Developing user interfaces on server-rendered UI technologies does not allow re-use in a similar fashion. A server-side UI technology choice cannot provide an adequate user experience in an installable application since the entire user interface lives on the server rather than the client. As retail moves forward and providing mobile applications becomes an absolute necessity, choosing to build user interfaces on the server side will lead to retailers supporting multiple user interfaces which will then provide an inconsistent experience across the omni-channel and drive up development costs since multiple display tiers on different technology stacks will need to be supported.

3. Legacy desktop functionality
Many retailers look into responsive and adaptive design and decide against it because of the seemingly insurmountable challenge of replacing a user interface that is many years old and has embedded business logic spread throughout every nook and cranny. This avenue is incredibly risky and retailers' hesitation with this approach is certainly not misguided; any new software implementation will have challenges in Version 1 and thus replacing the entire stack at once is not recommended.

Instead of replacing everything at one time, we use a staggered approach centered around improving the mobile and tablet experience first and then migrating off of the legacy desktop UI over time. This approach allows retailers the flexibility to roll out their responsive solution over time by starting with mobile, tablet, or both. By focusing on providing an excellent mobile and tablet experience to their users, retailers can increase conversions on these two platforms, which are approaching 50% of all traffic for retail, while leaving the desktop site unchanged. Over time, more and more desktop features can be incorporated into the responsive mobile and tablet site until the time comes for a full migration over to the new solution and a sunset of the legacy desktop-only user interface.
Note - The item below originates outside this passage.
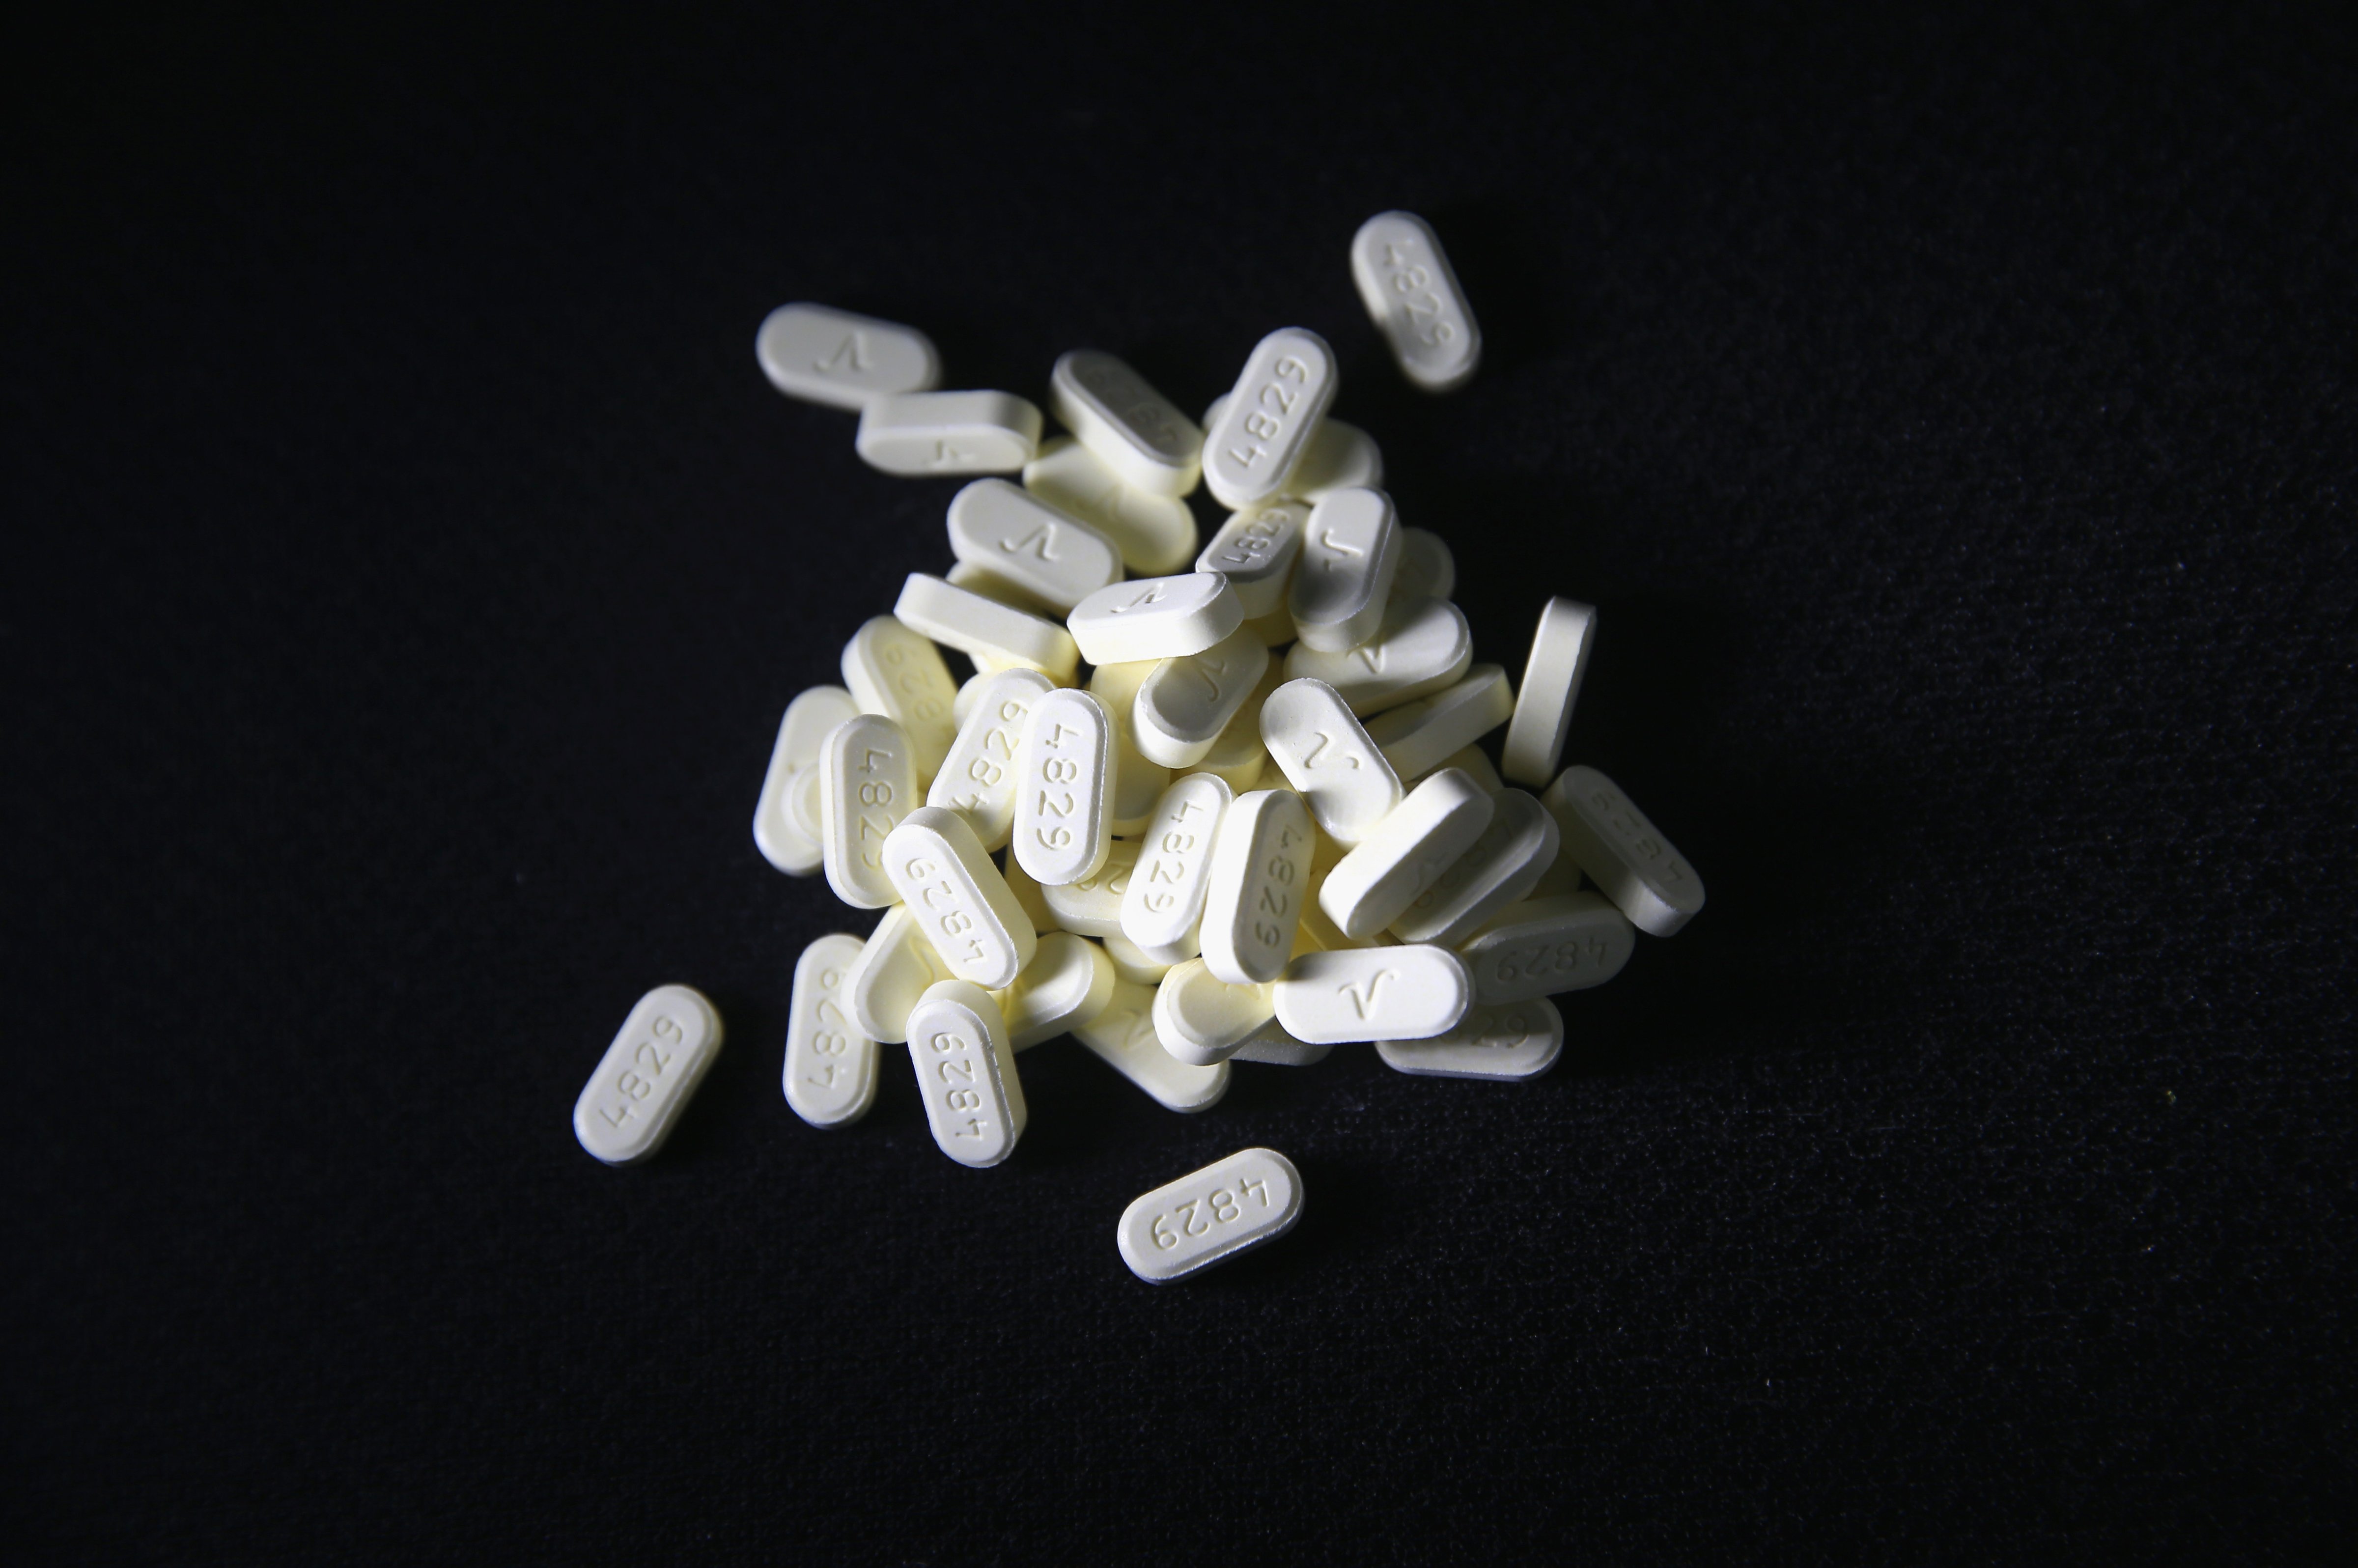 Pills of Oxycodone, an opioid

Toys R' Us is an excellent example of this strategy in action. Viewing www.toysrus.com on a desktop browser produces a website catering to desktop dimensions only, whereas viewing m.toysrus.com produces a fully responsive site that serves both mobile and tablet devices but can also expand to suit the needs of the desktop user. One can assume that it's only a matter of time before Toys R' Us has made a full transition to the responsive site, providing customers a consistently branded experience and saving all of the IT-related costs necessary for maintaining multiple, siloed user interfaces.

Responsive and adaptive web design is the future of retail. The caution, however, is that selecting the correct technology stack and choosing a rollout strategy that minimizes risks is absolutely vital. Simply shoe-horning responsive web design into your existing legacy UI is insufficient--the technologies selected must be mobile-friendly in order for your project to be successful in engaging today's mobile shoppers.